Global memory has a latency of around 400-600 cc (much debate about the actual speed though).

When properly accessing shared memory this should according to the PG be done at register (“instant”) speed.

Local memory is just global memory and is generally for register spilling over. In my opinion you should try avoiding using this at all cost.

In general:

1, Do coalesced reads from off-chip (global) to either registers or shared memory

2, do computations

3, write back to global

If possible, try to make sure that you have room for several blocks on each SM at a time, this helps you hide off-chip latencies.

Hope this is helpful.

You will find all of that in the documents I just mentioned, but the big different between shared memory and global memory is latency. Shared memory has latency estimated to be less than 25 shader clock cycles, global memory greater than 500 shader clock cycles. On the GT200 shared memory bandwidth is a bit higher than shared memory, but the latency is the big difference. Which is why for something like finite differencing, it makes sense to use coalesced memory global memory reads to populate a shared memory cache, and then performance the difference calculations using the contents of the shared memory cache. It maximises global memory read bandwidth and minimizes the overall impact of memory latency. If you do that, you should be able get close the kernel close to peak global memory bandwidth (which is >100 Gb/s on current GT200 based cards).

Do you have a reference to this? I’ve been suspecting that it’s not allways as fast as the PG claims.

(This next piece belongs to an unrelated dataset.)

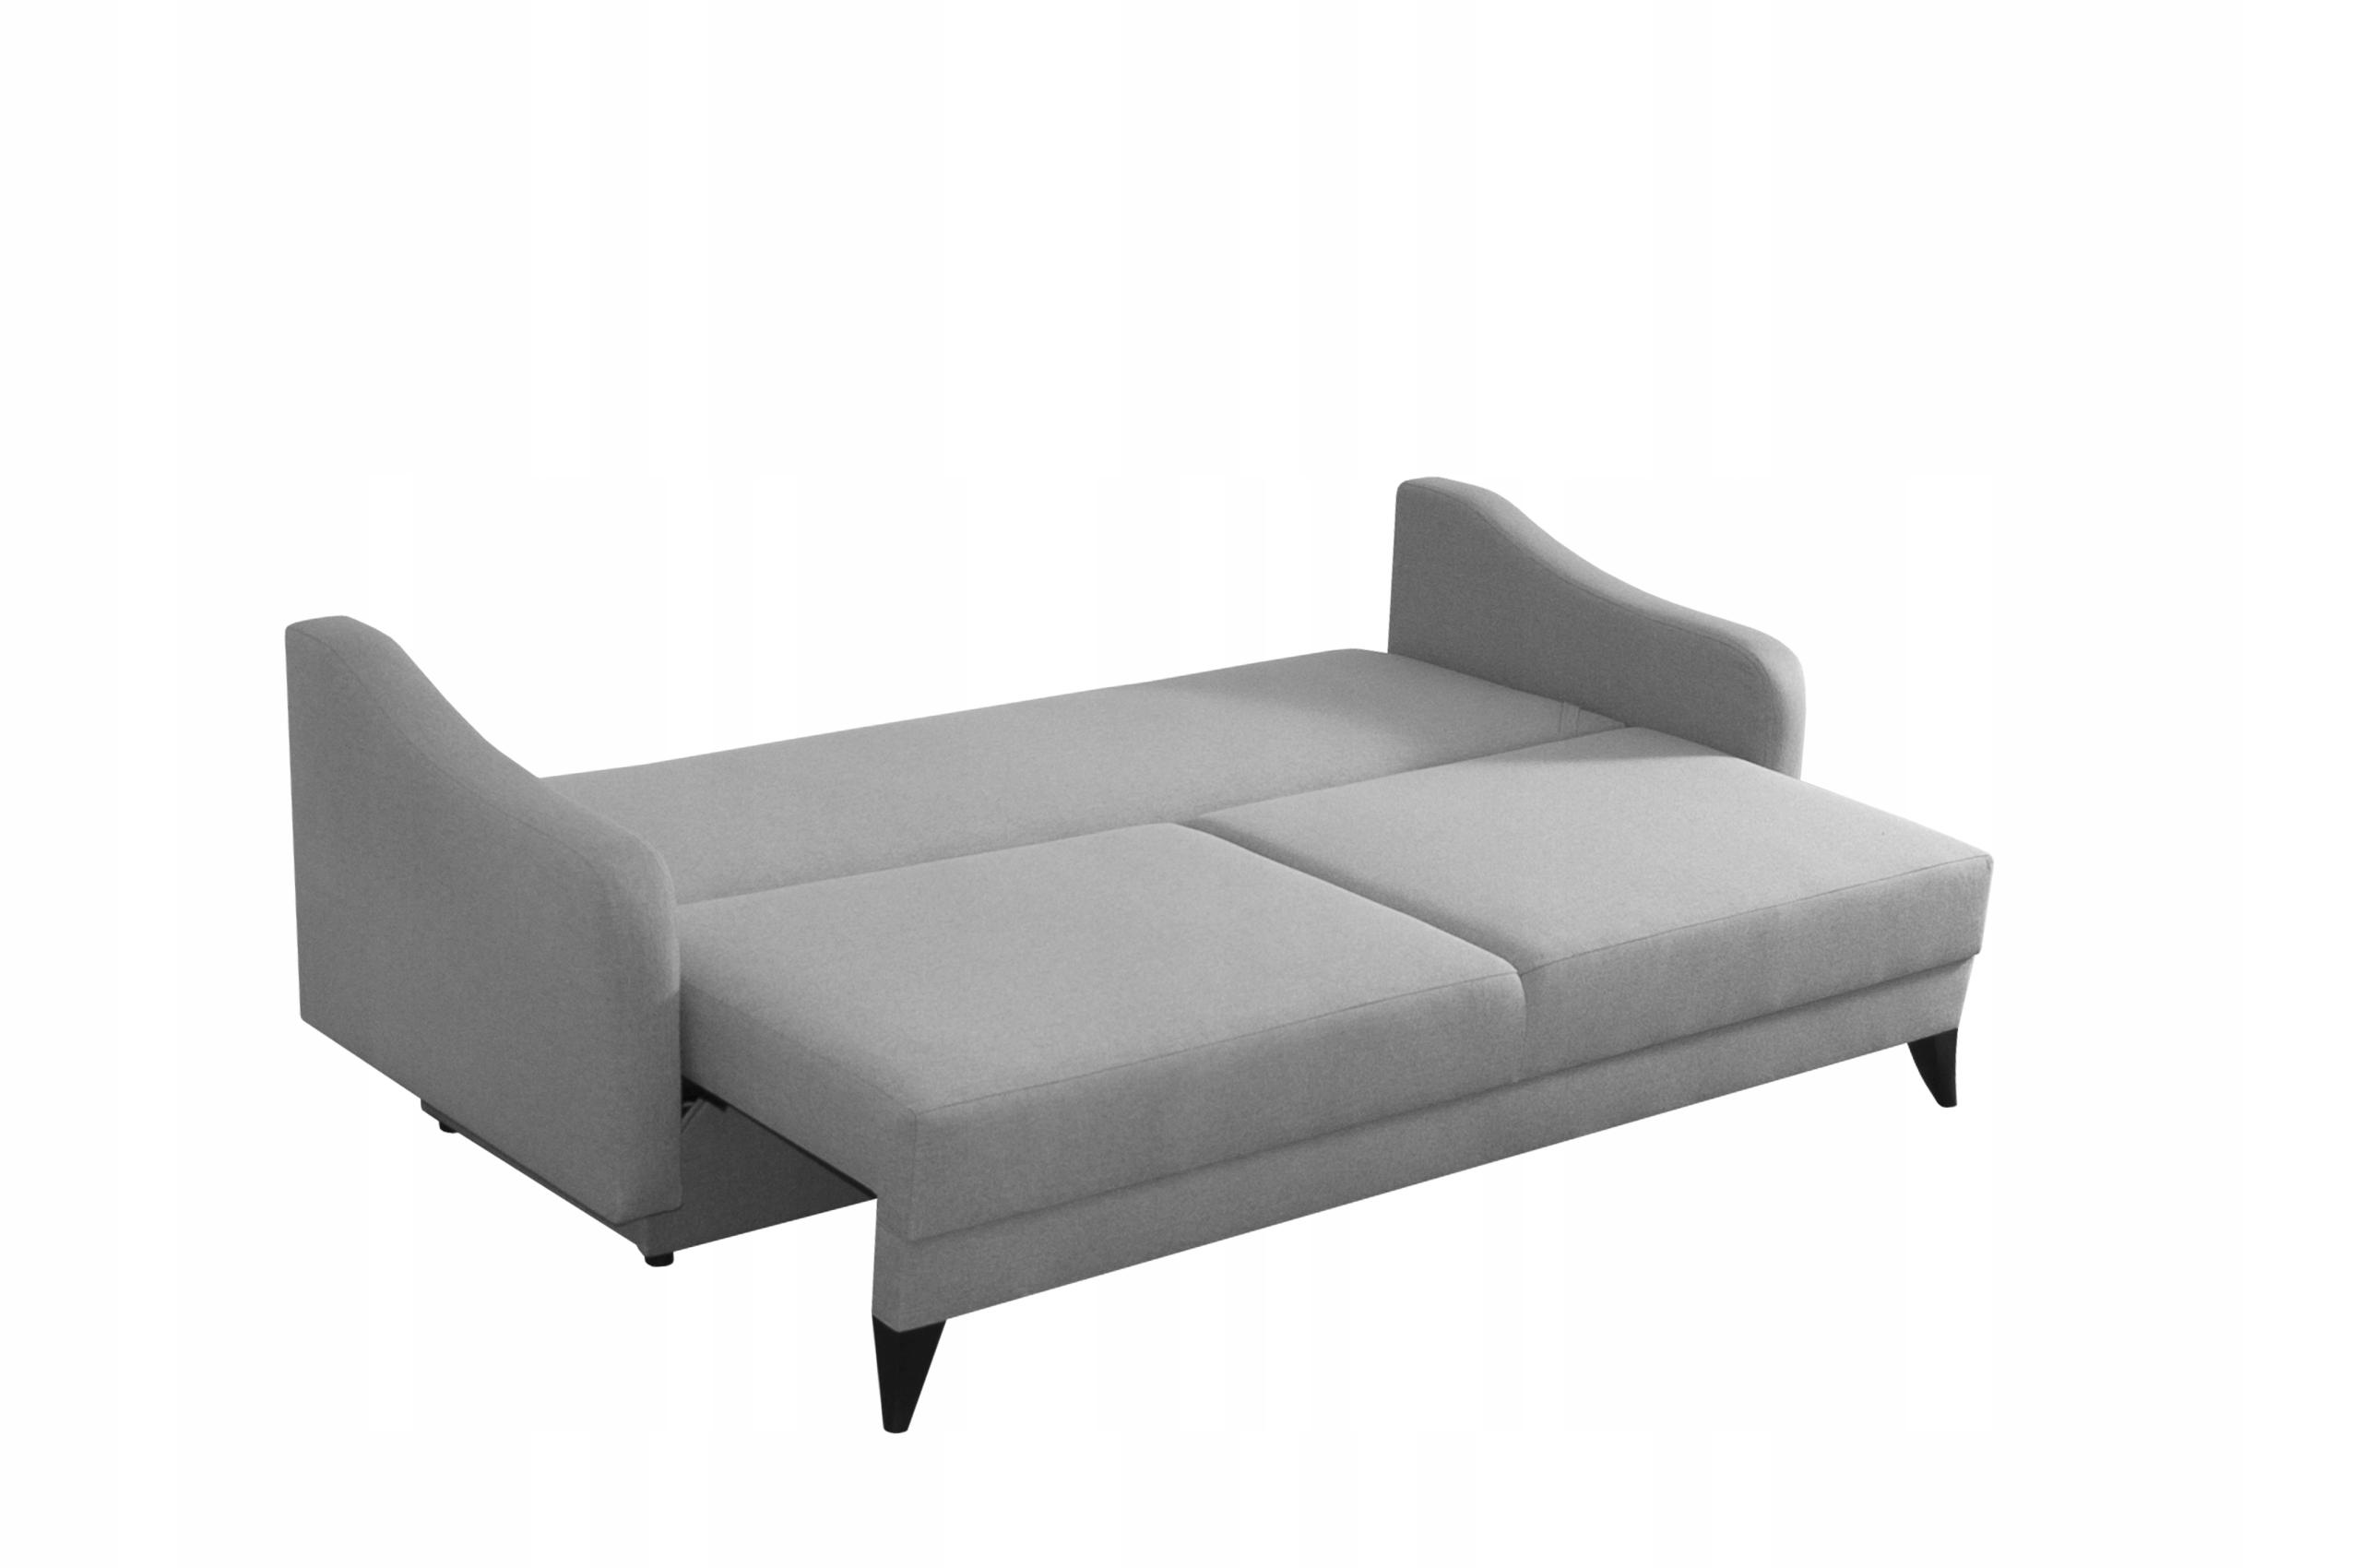 LATIKA WOHNZIMMER / FARBEN / NEU Die Tiefe der Möbel beträgt 94 cm

Perhaps this has been discussed on a thread or divulged in some whitepaper?



I think one of the Volkov/Demmel papers has a pretty decent analysis of the memory structure and latency of either the G92 or GT200, and it showed their estimate of shared memory latency was about the same as the instruction pipeline latency (20-30 cycles IIRC).

EDIT: It was this one, and their numbers were 36 cycles for shared memory and 510 cycles for global memory on a 8800GTX. Whether that is still applicable is anyones’ guess.

Thanks! I had read the paper but skimmed past the 36 cycles part. Volkov is very thorough in his analysis.